Hijos de María, quisierais ser verdaderamente virtuosos; pero siempre sentís
en vuestro interior ese fondo de amor propio que envenena vuestras buenas
obras; invocad a Nuestra Señora del Perpetuo Socorro, y en breve, vuestro
espíritu, como el suyo, no buscará ya sino el beneplácito y gloria de Dios. –
¿Eres el blanco de continuas contradicciones? ¿La paciencia te falta? Invoca a
menudo a Nuestra Señora del Perpetuo Socorro, y serás manso y humilde
corazón-Tu anhelo es vivir desprendido de todo apego desordenado a la
criatura y siempre ese miserable corazón se complace en las vanidades del
mundo; invoca a Nuestra Señora del Perpetuo Socorro, y comprenderás la
vanidad de todo lo criado.-El blanco lirio de la castidad te tiene enamorado,
quisieras conservarlo inmaculado, o volver a adquirirlo, si por desgracia lo has
perdido; invoca a Nuestra Señora del Perpetuo Socorro y pronto cantará de ti
El que se apacienta entre azucenas: Como lirio entra espinas, así es mi amada
entre las vírgenes.” – La Fe, la Esperanza, la Caridad, reinas de las virtudes,
quieren fijar su trono en tu corazón. ¿Quién te concederá ese favor sino la
Virgen que en su frente lleva la estrella de la fe y la cruz que es toda nuestra
esperanza, y en sus brazos el amor mismo, al divino Jesús? ¿La herida de una
injuria recibida no quiere cerrarse en tu corazón? Invoca a Nuestra Señora del
Perpetuo Socorro, y lograrás hacer bien a los que te tienen ofendido. Por fin,
tú estás en la flor de tu edad, la elección de estado te tiene preocupado, sabes
que quien no está en su vocación, por más que corra, corre desviado. ¡Oh!

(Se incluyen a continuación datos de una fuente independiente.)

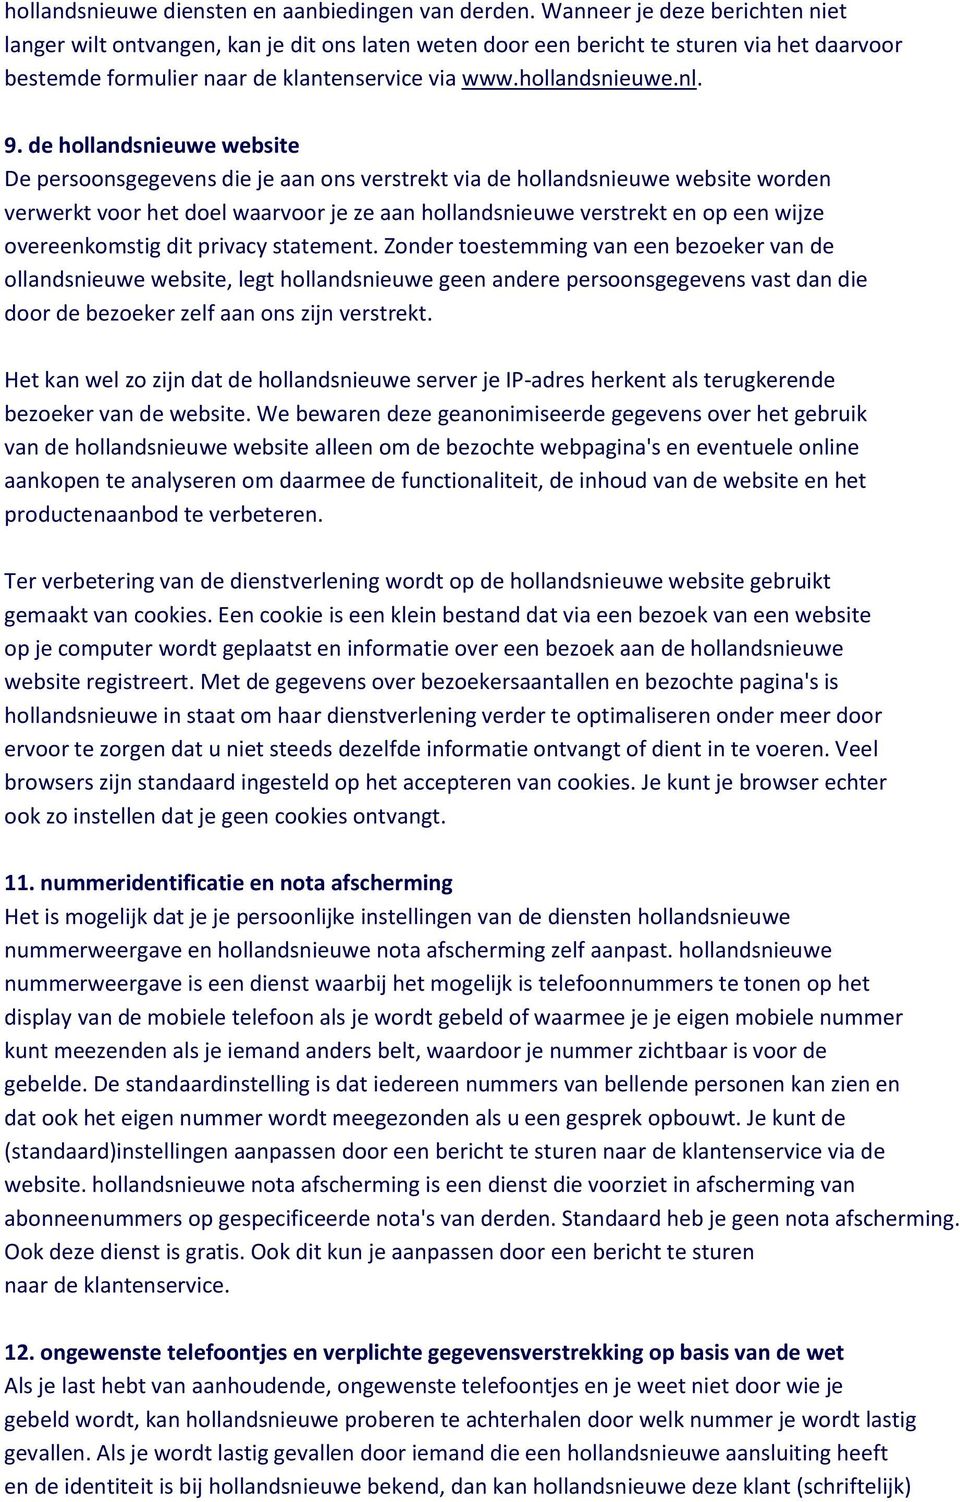 de hollandsnieuwe website De persoonsgegevens die je aan ons verstrekt via de hollandsnieuwe website worden verwerkt voor het doel waarvoor je ze aan hollandsnieuwe verstrekt en op een wijze

Cuán grandes son los aprietos del angustiado corazón! Invoca a Nuestra
Señora del Perpetuo Socorro, Ella te dará luz y fortaleza para que puedas
conocer y seguir tu vocación. A cuántas personas inciertas acerca de la
elección de estado ha ayudado Ella, iluminándolas a más sobre las vanidades
del siglo, e inflamándolas en el amor a su Dios, al punto de abandonarlo todo
y consagrarse al Señor por medio de los votos sagrados de religión. Y
últimamente, tú que has escogido ya tu vocación y quieres obrar tu
santificación en el siglo, hazte devoto de Nuestra Señora del Perpetuo Socorro
y lo alcanzarás.
¡Oh! Con cuánta velocidad adelantan en el camino de la perfección aquellos
que se consagran al culto de Nuestra Señora. Esa preciosa devoción parece
que les da alas para volar hasta la cumbre de la santidad, y sino, díganlo los
sacerdotes que la han inculcado a sus penitentes. ¡Ah! Sólo en el cielo se
conocerá cuántas almas han llegado a la perfección, por este medio tan fácil.

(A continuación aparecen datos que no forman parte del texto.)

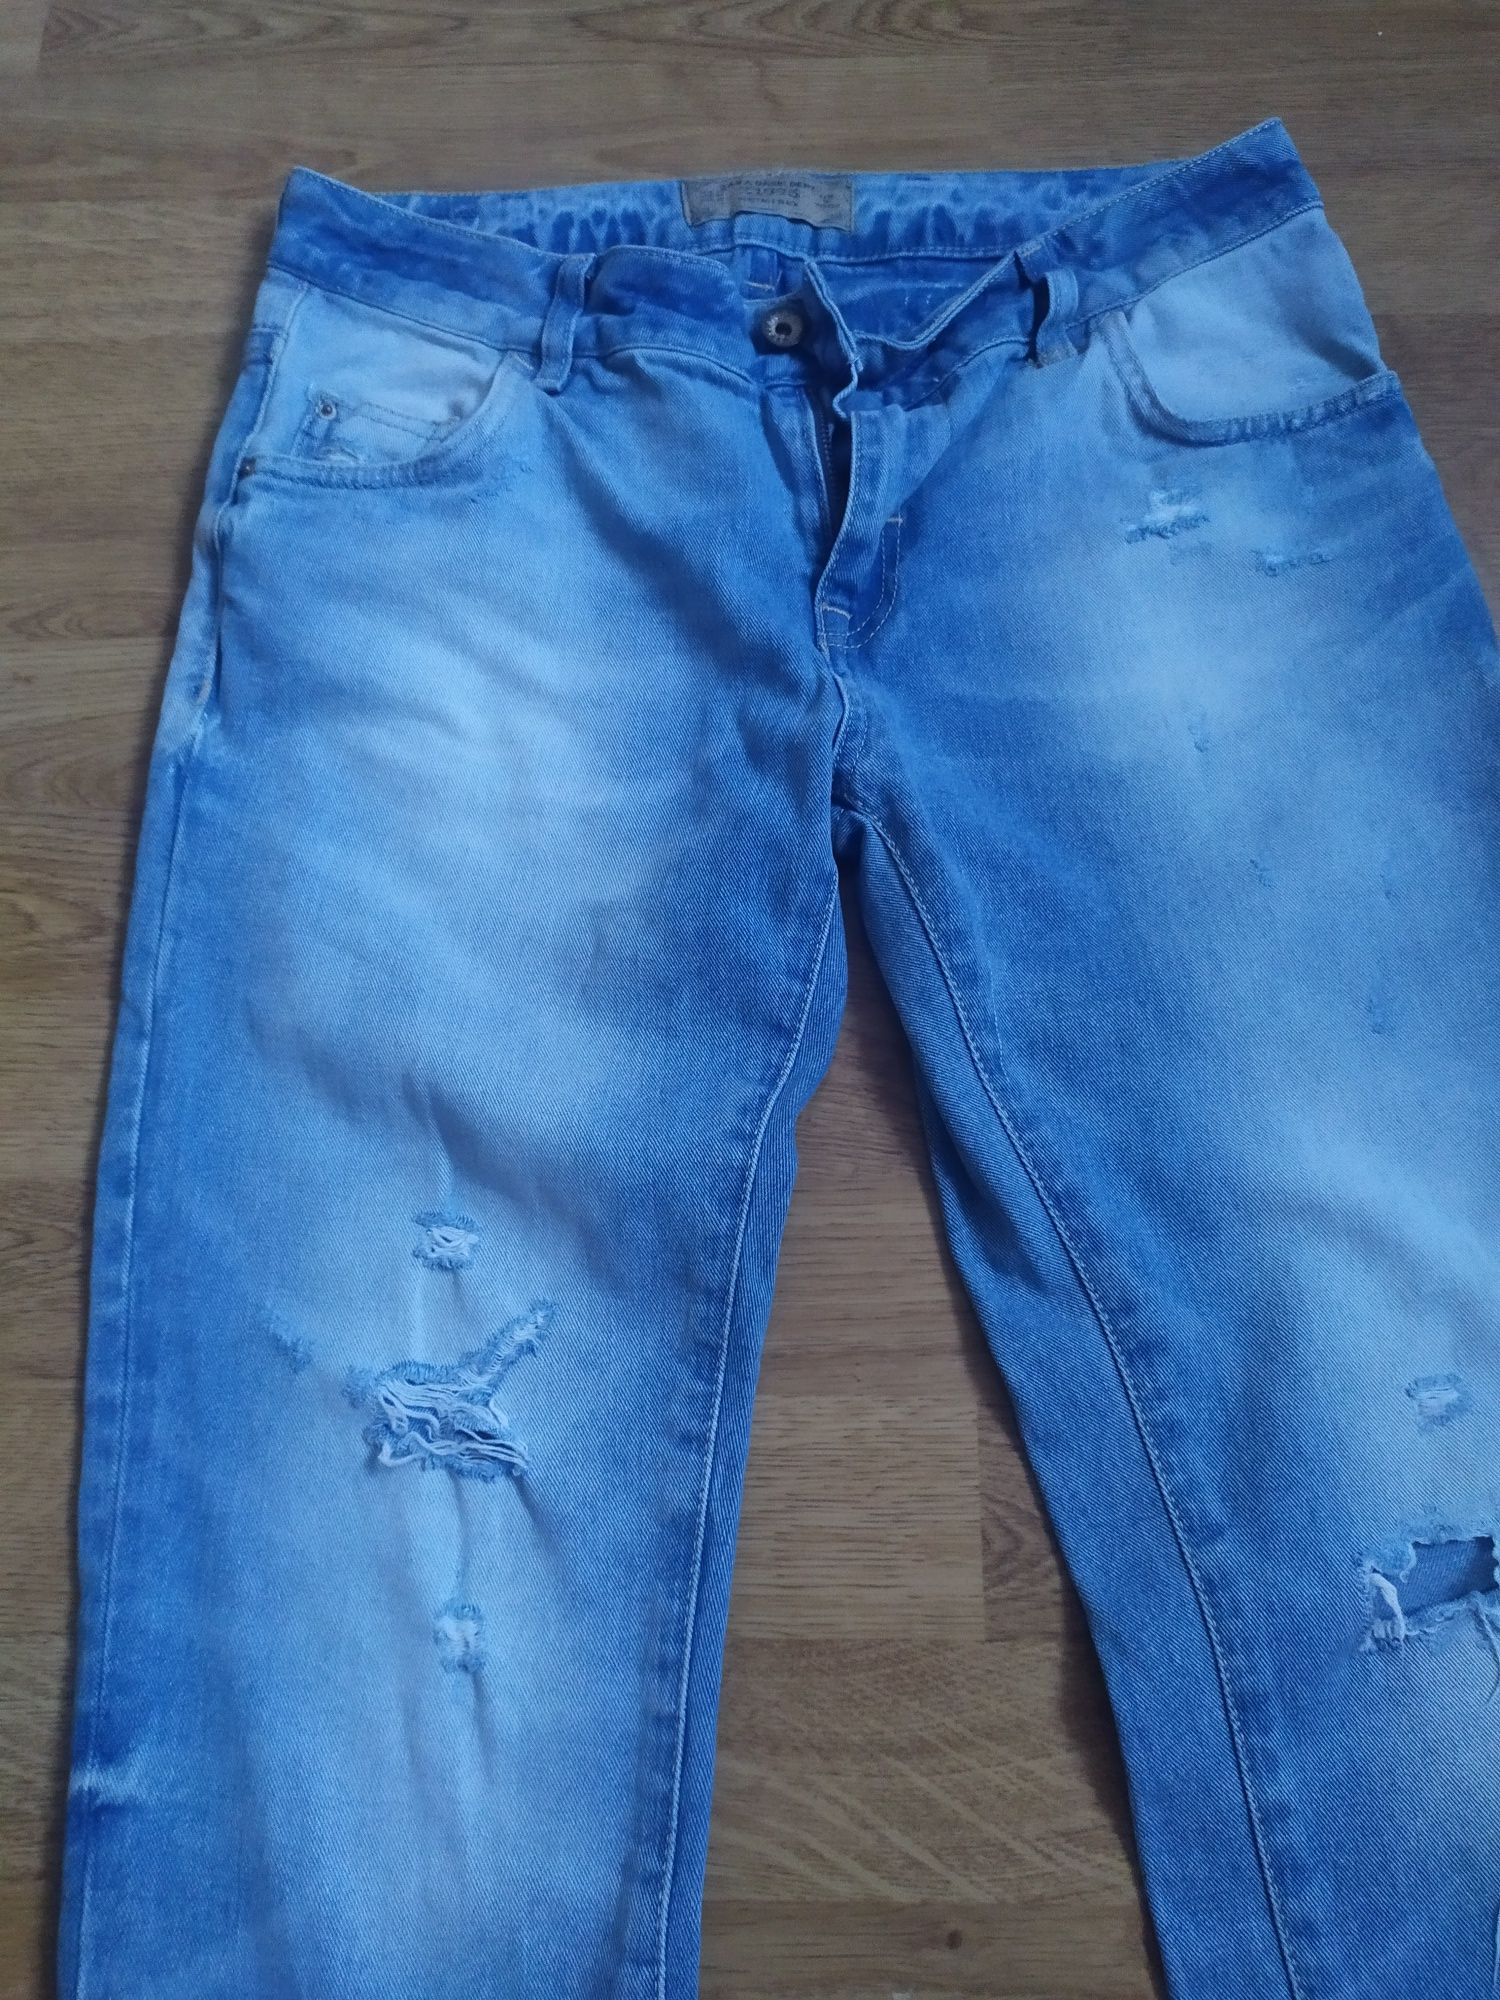 Spodnie zara jeans z dziurami boyfernd S

Dedicados, pues, almas piadosas, desde ahora, al servicio de esa bondadosa
Madre, y seréis un día su corona en la gloria.

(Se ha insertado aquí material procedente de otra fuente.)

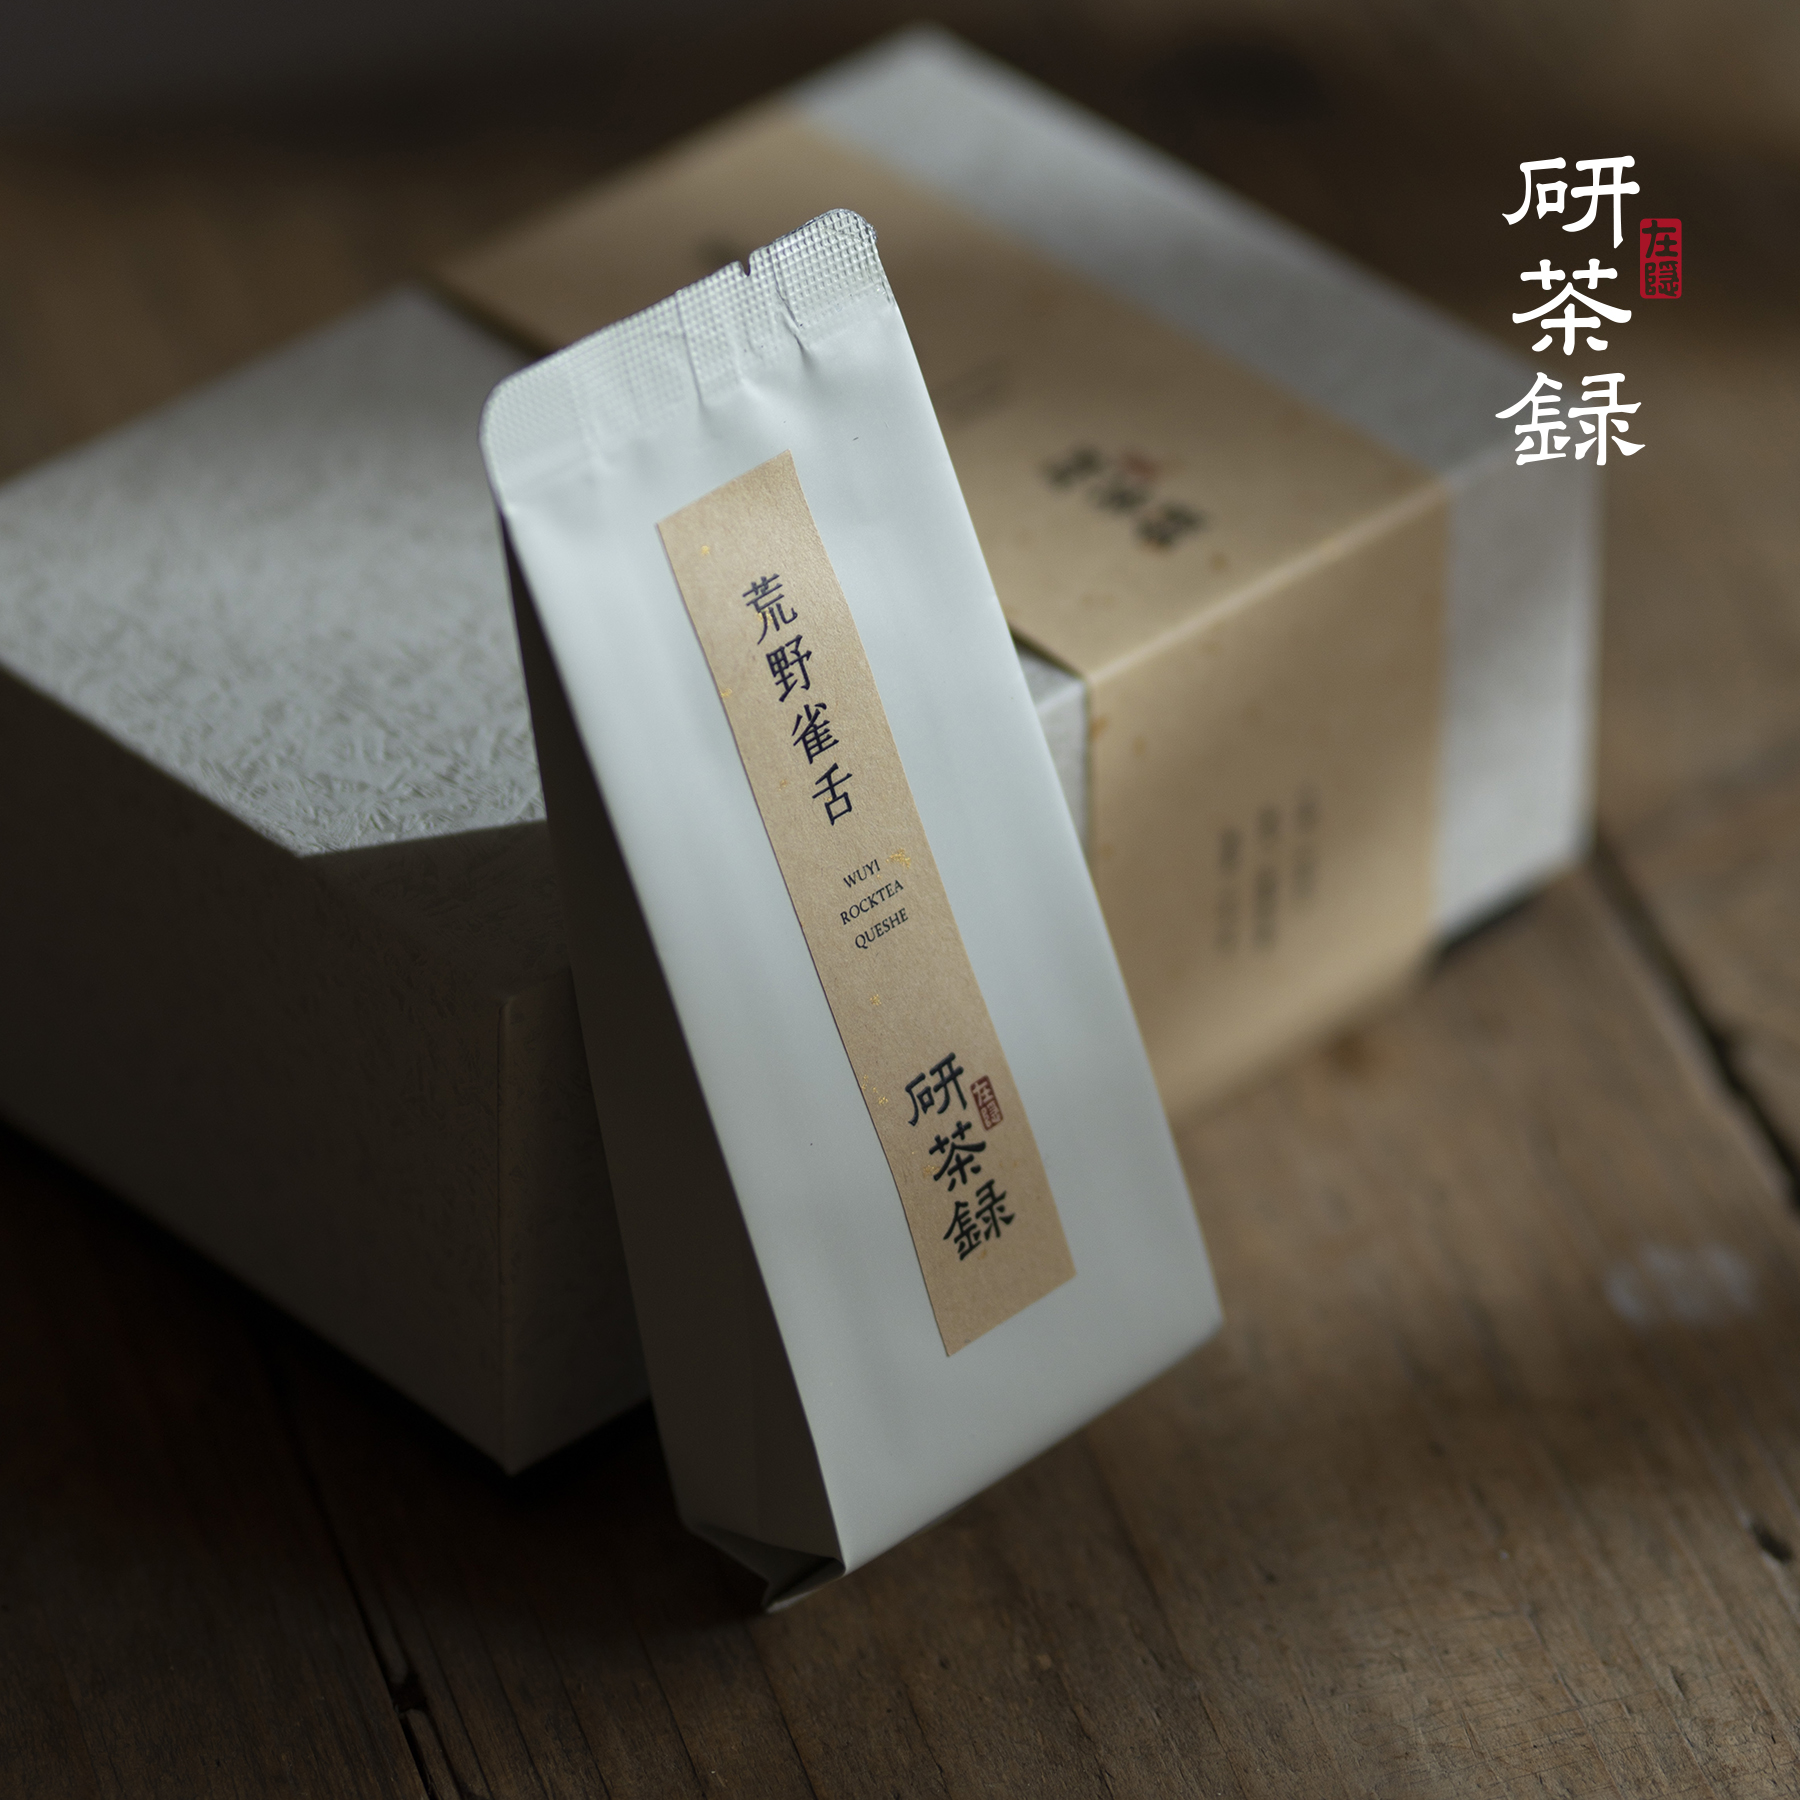 雀舌 岩茶小品种 花香型 大红袍 武夷岩茶 在隐 研茶录

Se medita y se pide, etc. Gozos, etc.
ORACIÓN JACULATORIA
¡Oh Madre del Perpetuo Socorro! Quiero ser fiel imitador de vuestras virtudes,
ayudadme en tan noble empresa.
OBSEQUIO
Rezar el santo rosario en honor de Nuestra Señora del perpetuo
Socorro, para conseguir el don de no flaquear nunca en la práctica
de la virtud.
ORACIÓN
¡Oh Madre mía del Perpetuo Socorro! ¿Cómo es posible que siendo Vos tan
santa, haya de ser yo tan malo? Hoy no vengo a pediros bienes temporales,
sino cosas que serán más agradables a vuestro corazón. Vos sois humildísima:
alcanzadme pues la humildad y el amor a los desprecios. Vos que fuisteis
pacientísima en las penas de la vida, obtenedme la paciencia en las
contrariedades. Vos que vivisteis siempre desprendida de todo lo criado,
obtenedme el desapego de todas las criaturas. Vos que fuisteis siempre pura y
limpia, conseguidme una perfecta pureza de corazón. Vos que estuvisteis llena
de amor a Dios, conseguidme el don del santo y puro amor. Vos que fuisteis
toda caridad para con el prójimo, alcanzadme que ame a mis hermanos santa y
eficazmente. Vos que estuvisteis siempre unida a la voluntad de Dios,
obtenedme la misma gracia, sobre todo en mi elección de estado, y una
completa conformidad con todas las disposiciones de la divina Providencia.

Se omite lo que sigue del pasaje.